With every picture left out, give the data below back exactly.
Data below START
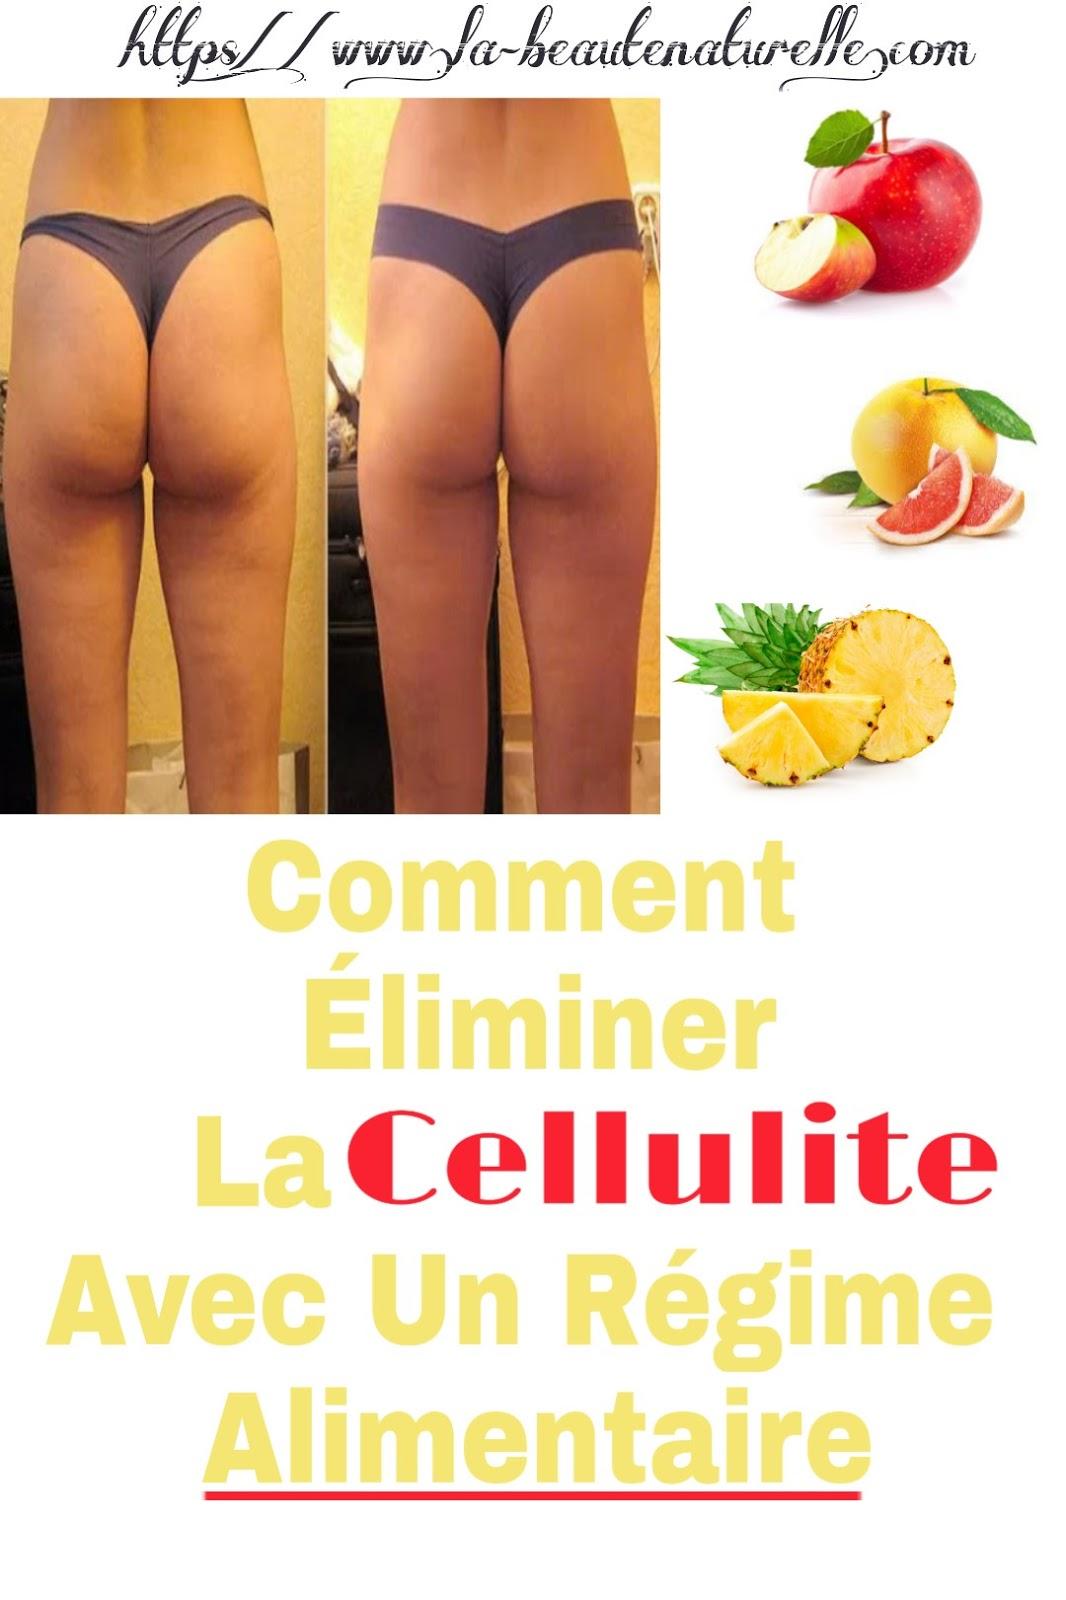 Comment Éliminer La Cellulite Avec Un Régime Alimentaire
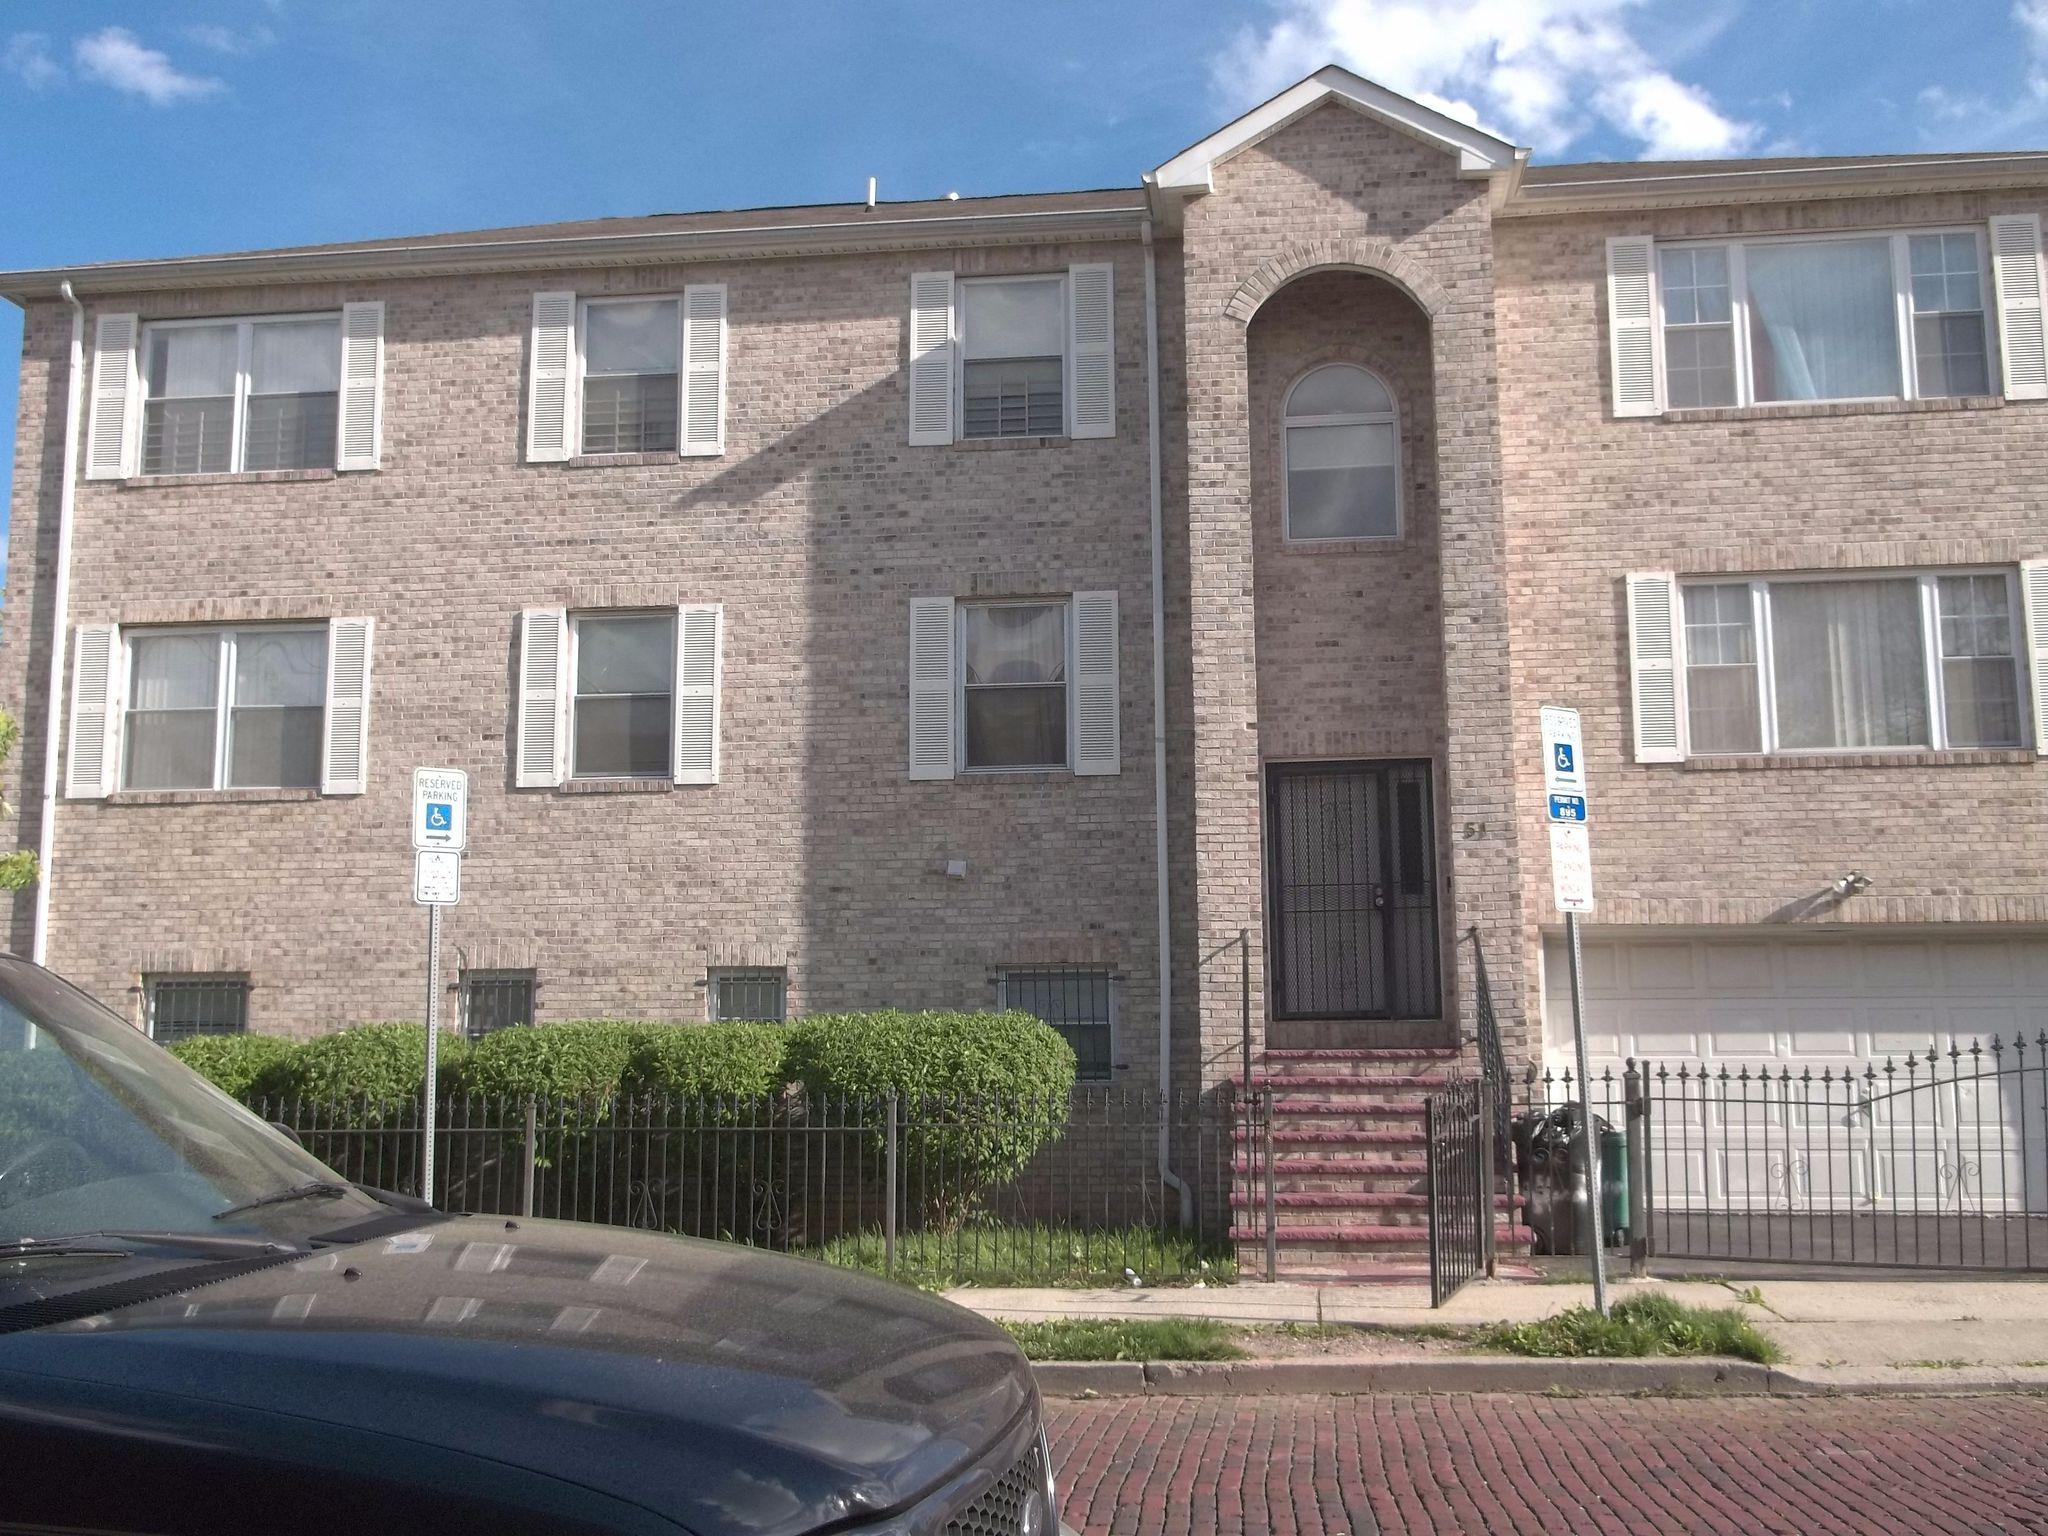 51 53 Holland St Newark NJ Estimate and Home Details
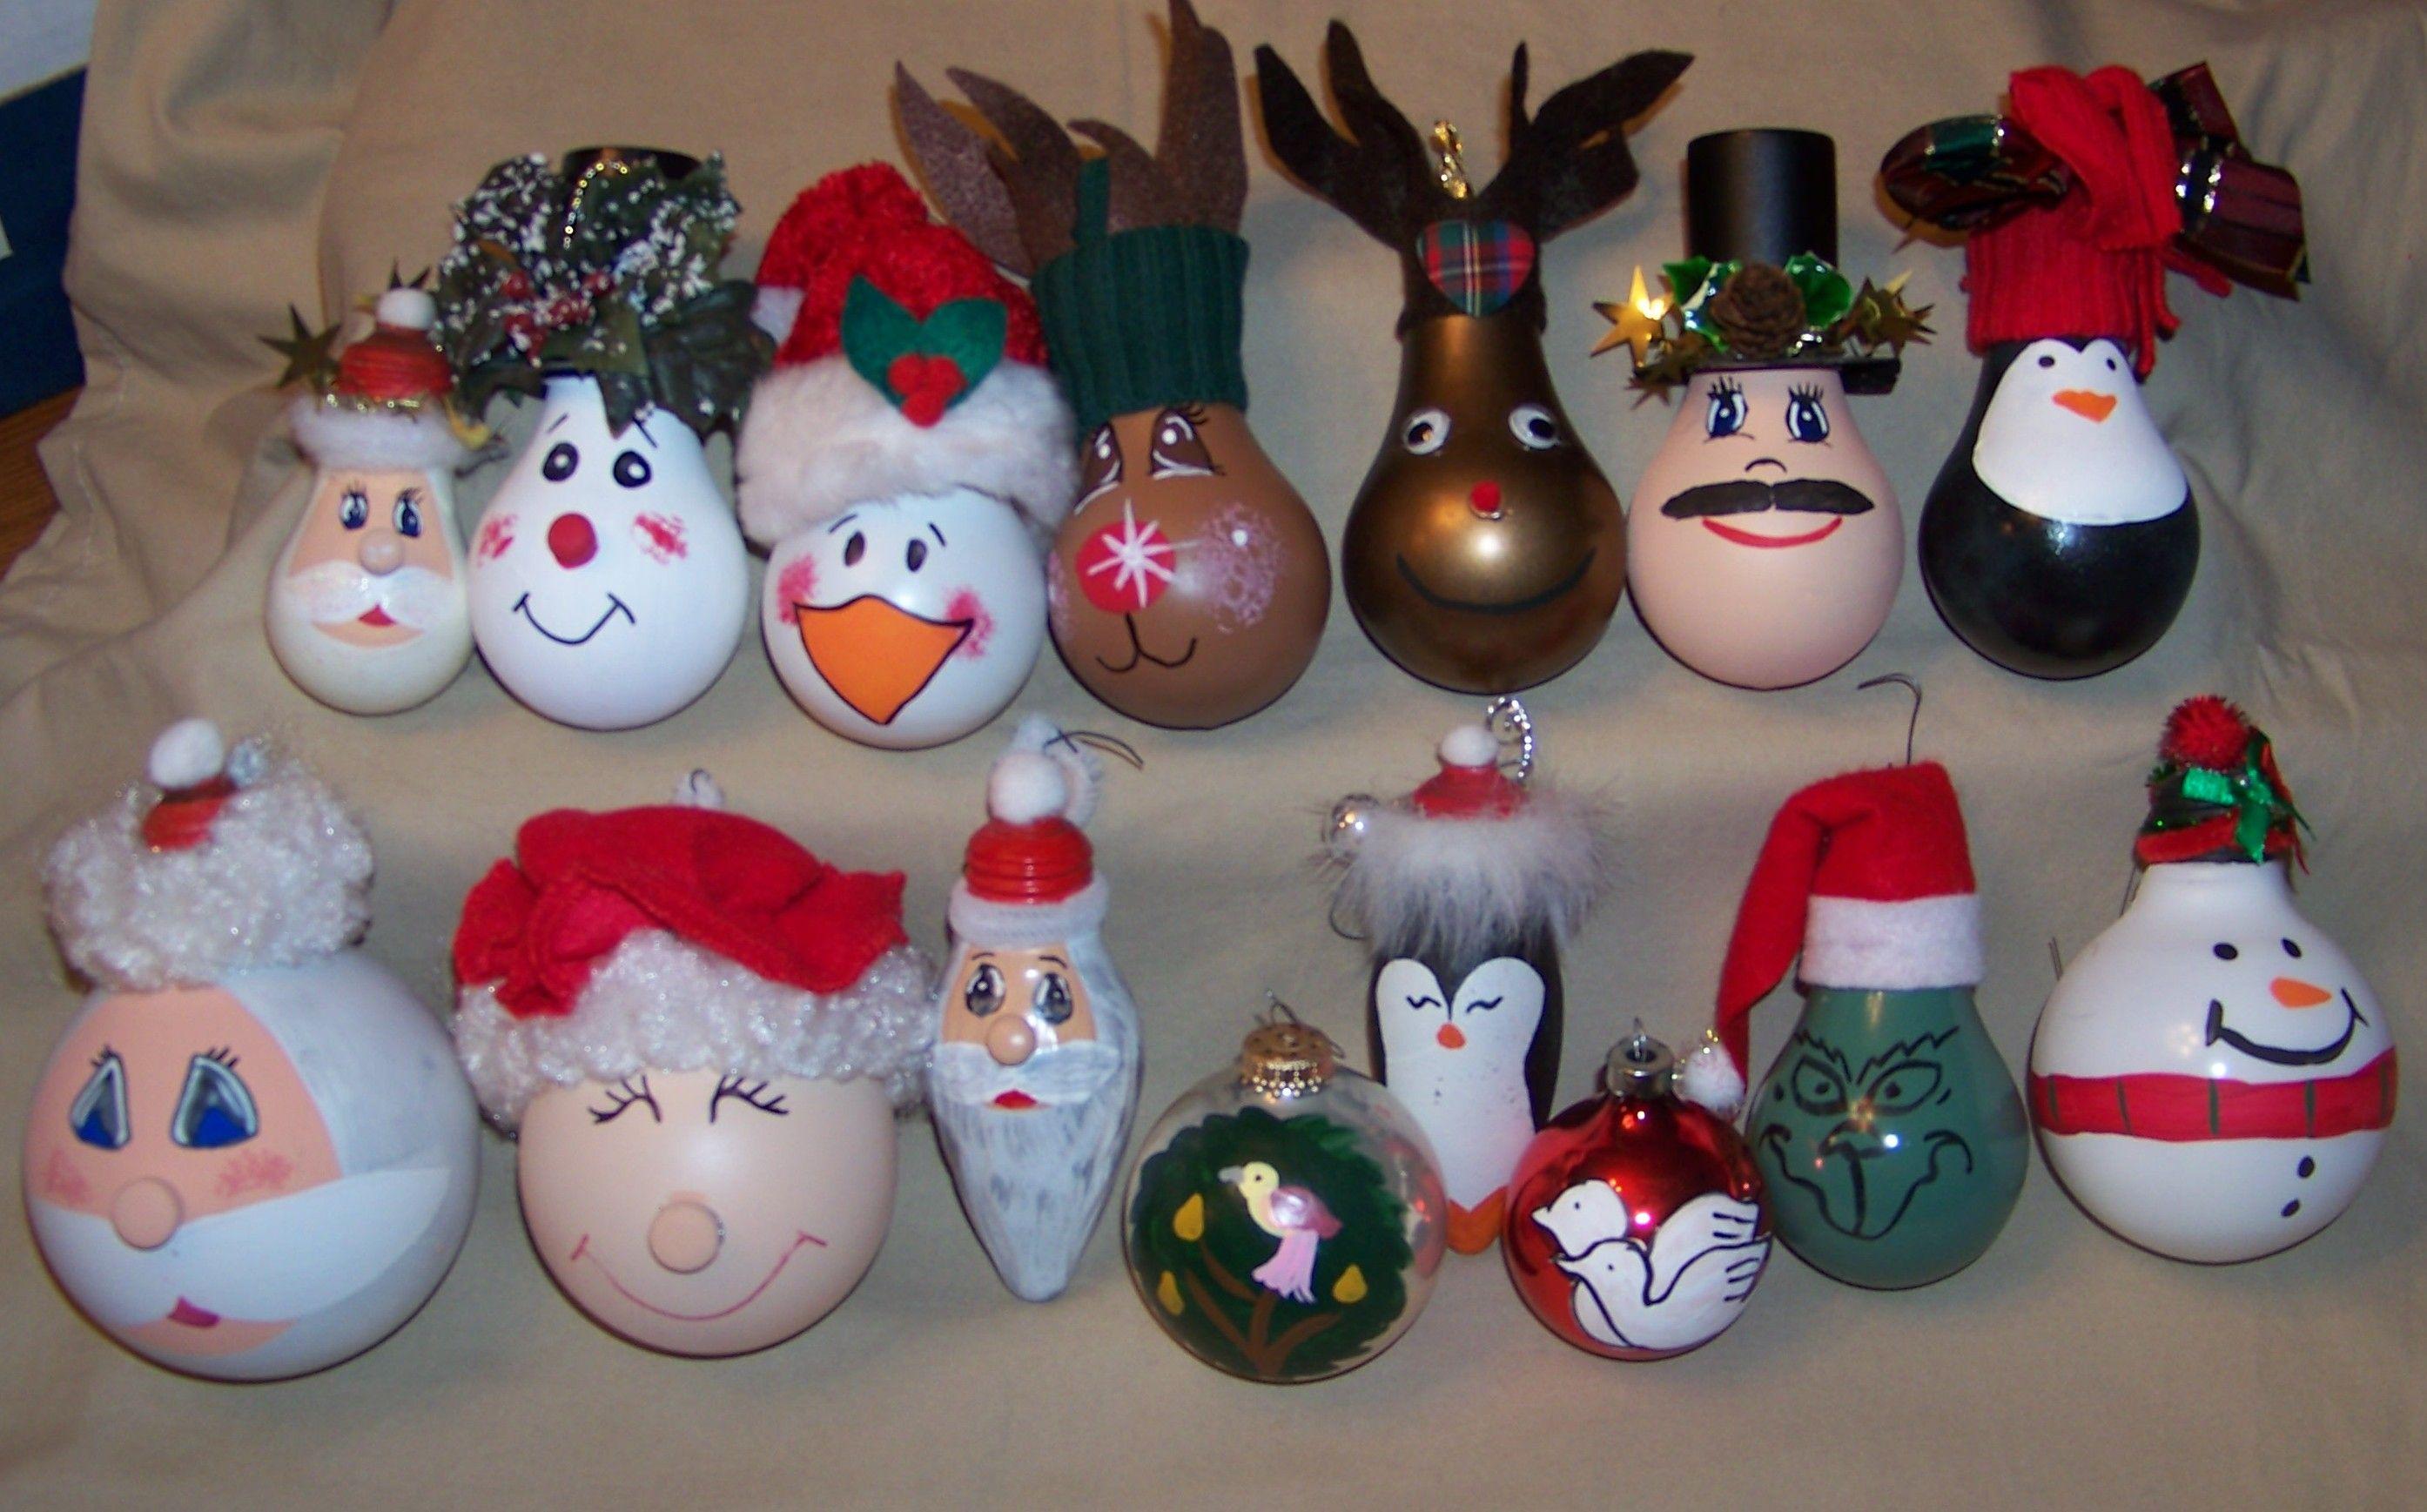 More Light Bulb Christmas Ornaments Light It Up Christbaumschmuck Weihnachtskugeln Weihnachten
Data below END
**Exercise response**
 Comment Éliminer La Cellulite Avec Un Régime Alimentaire
 51 53 Holland St Newark NJ Estimate and Home Details
 More Light Bulb Christmas Ornaments Light It Up Christbaumschmuck Weihnachtskugeln Weihnachten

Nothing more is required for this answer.